Normally when one adds refrigerant to an air-conditioner, the superheat goes down. A few days ago, I added refrigerant to an air-conditioner, and the superheat went up. Why did the superheat go up when I added refrigerant?

On Friday I worked on a straight air-conditioner (A/C) package unit on the roof of an industrial facility. The straight A/C uses R-22 refrigerant. The straight A/C has a fixed orifice metering device. The compressor of the straight A/C was cold and had condensation on it. The dataplate for the A/C says that the factory charge of refrigerant is 9.1 pounds. When I first checked the evaporator superheat on the A/C, the superheat was 14 degrees. I added a pound of refrigerant to the A/C, and the evaporator superheat increased from 14 degrees to 15 degrees. Then I added another pound of refrigerant to the unit, and the evaporator superheat increased from 15 degrees to 17 degrees.

Here are some statistics of the situation immediately before I added refrigerant to the A/C on Friday:
Suction Pressure: 52 psig
Head pressure: 257 psig
Evaporator Superheat: 14 degrees fahrenheit
Subcooling: Approximately 30 degrees fahrenheit
Outside ambient temperature: 88 degrees fahrenheit
Delta T between return and supply: 16 degrees fahrenheit
Compressor superheat: 17 degrees fahrenheit
Actual compressor amp draw: 10.2 amps
RLA of Compressor: 9.7 amps

After I added a pound of refrigerant, the head pressure increased to 270 psig. The suction pressure stayed at 52 psig. The compressor superheat dropped from 17 degrees to 16 degrees.

Why did the evaporator superheat increase both times that I added refrigerant to the air-conditioner?

 

[AZFIREBALL]

Looks like it is over charged.

 

[PeterDonis]

The dataplate for the A/C says that the factory charge of refrigerant is 9.1 pounds.

Ok. So how much charge did you think was actually in the system before you added refrigerant? If there was already 9.1 pounds or more, there was no reason to add refrigerant.

 

[fourthindiana]

Ok. So how much charge did you think was actually in the system before you added refrigerant? If there was already 9.1 pounds or more, there was no reason to add refrigerant.

I don't definitely know how much charge was actually in the system before I added refrigerant. I thought that there was more than 9.1 pounds in the system before I added refrigerant because the compressor was cold and sweating. I only added refrigerant to the system because my boss instructed me to add refrigerant to the system.
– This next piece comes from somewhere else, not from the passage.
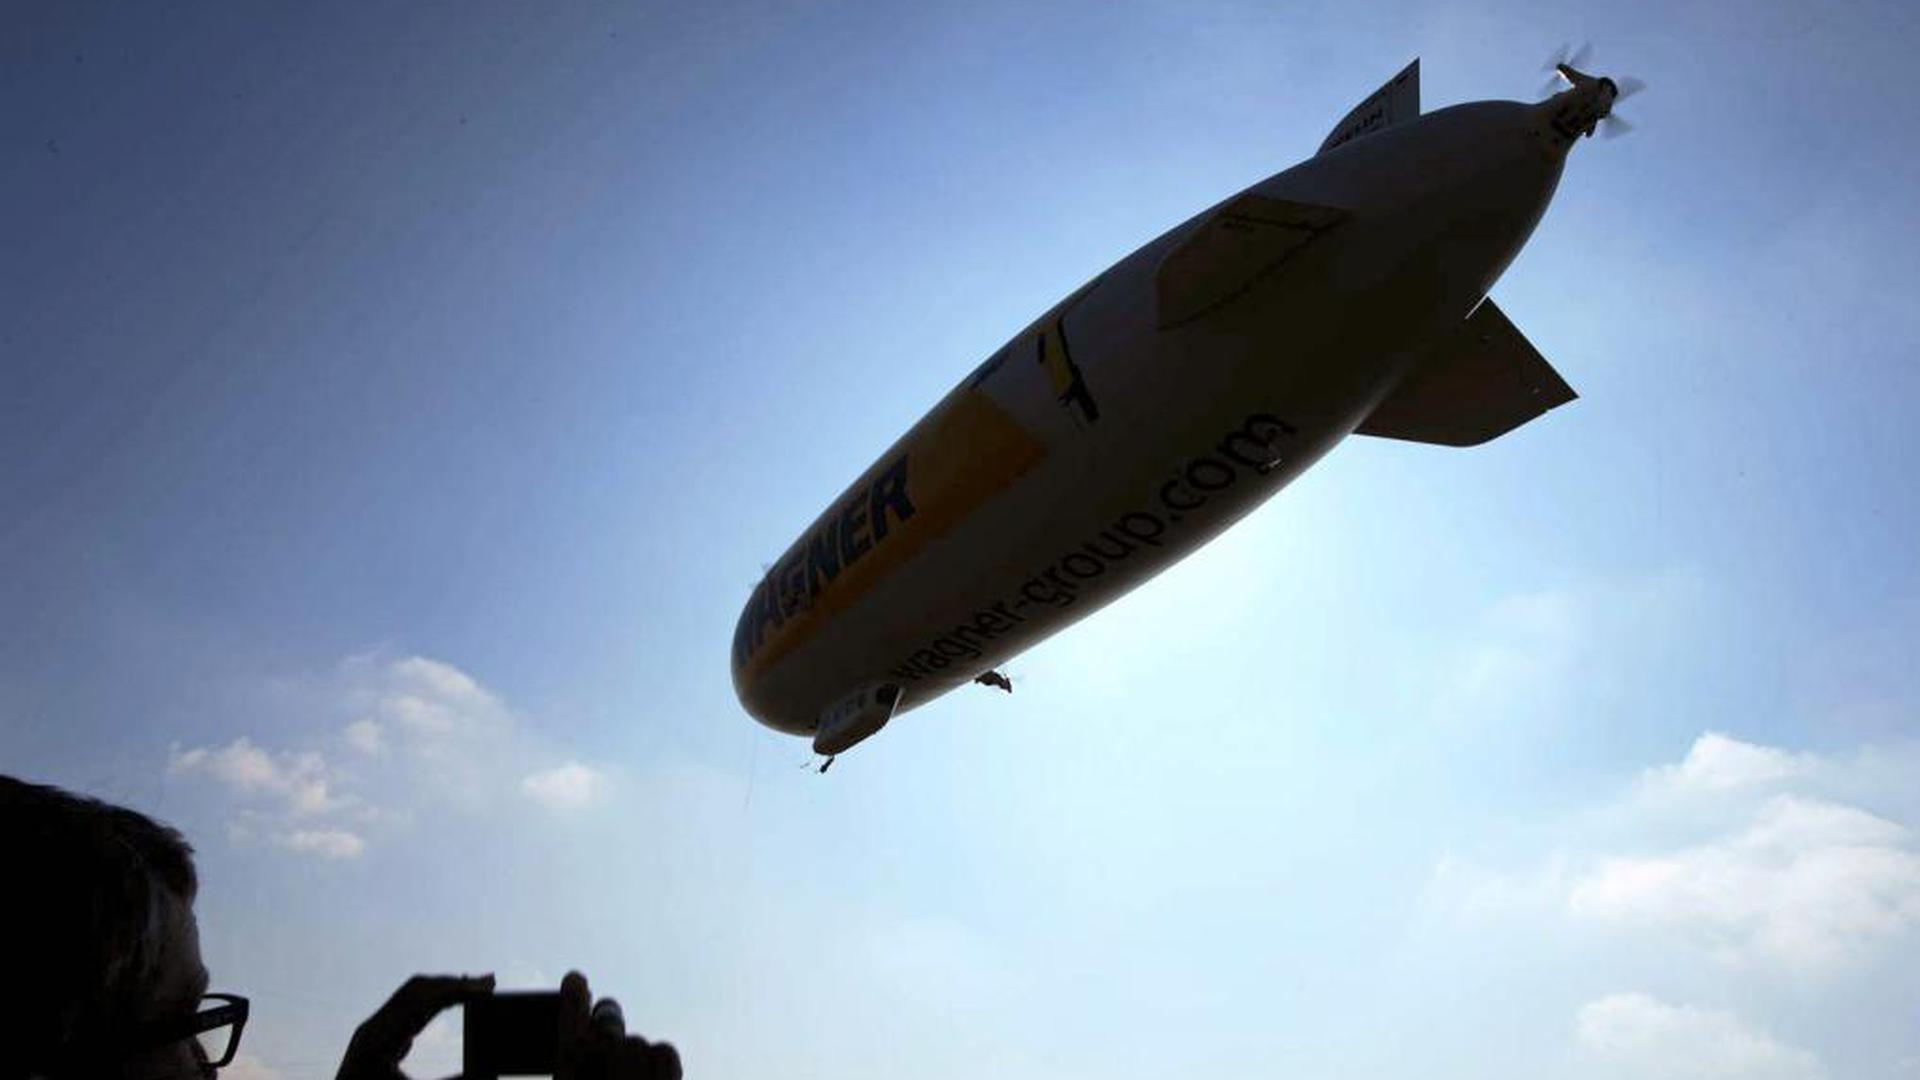 Ein echter Hingucker: Ein Mann fotografiert einen Zeppelin NT. Von Donnerstag bis Sonntag ist das Luftschiff mit der Form einer Zigarre auf dem Flugplatz Oos stationiert und hebt dann zu Rundflügen ab.

Do you have any thoughts on why the superheat went up as I added refrigerant?

 

[PeterDonis]

I only added refrigerant to the system because my boss instructed me to add refrigerant to the system.

Ah, ok. Otherwise my next question would have been "why did you add refrigerant if you thought there was already at least 9.1 pounds?"

Do you have any thoughts on why the superheat went up as I added refrigerant?

As @AZFIREBALL said, the obvious conclusion is that the system is overcharged. If there's already enough refrigerant charge in the system, adding refrigerant doesn't improve performance; all it does is increase temperatures and pressures and put more stress on the system. Maybe you can think of a way to politely suggest that to your boss.

 

[fourthindiana]

As @AZFIREBALL said, the obvious conclusion is that the system is overcharged. If there's already enough refrigerant charge in the system, adding refrigerant doesn't improve performance; all it does is increase temperatures and pressures and put more stress on the system. Maybe you can think of a way to politely suggest that to your boss.

It was my first week working for him. Tomorrow will be the start of my second work week. I thought it would be presumptuous of me to start arguing with my boss about this.

 

[fourthindiana]

As @AZFIREBALL said, the obvious conclusion is that the system is overcharged. If there's already enough refrigerant charge in the system, adding refrigerant doesn't improve performance; all it does is increase temperatures and pressures and put more stress on the system. Maybe you can think of a way to politely suggest that to your boss.

So you don't know the answer to my question?

 

[PeterDonis]

So you don't know the answer to my question?

Huh? Both of us have given you our best answer.

 

[fourthindiana]

Huh? Both of us have given you our best answer.

Saying that the system is overcharged does not tell me why the superheat went up when I added refrigerant.

 

[PeterDonis]

Saying that the system is overcharged does not tell me why the superheat went up when I added refrigerant.

The superheat goes up when you add refrigerant because the system is overcharged. The superheat going up when you add refrigerant is telling you that the system is overcharged.

 

[fourthindiana]

The superheat goes up when you add refrigerant because the system is overcharged. The superheat going up when you add refrigerant is telling you that the system is overcharged.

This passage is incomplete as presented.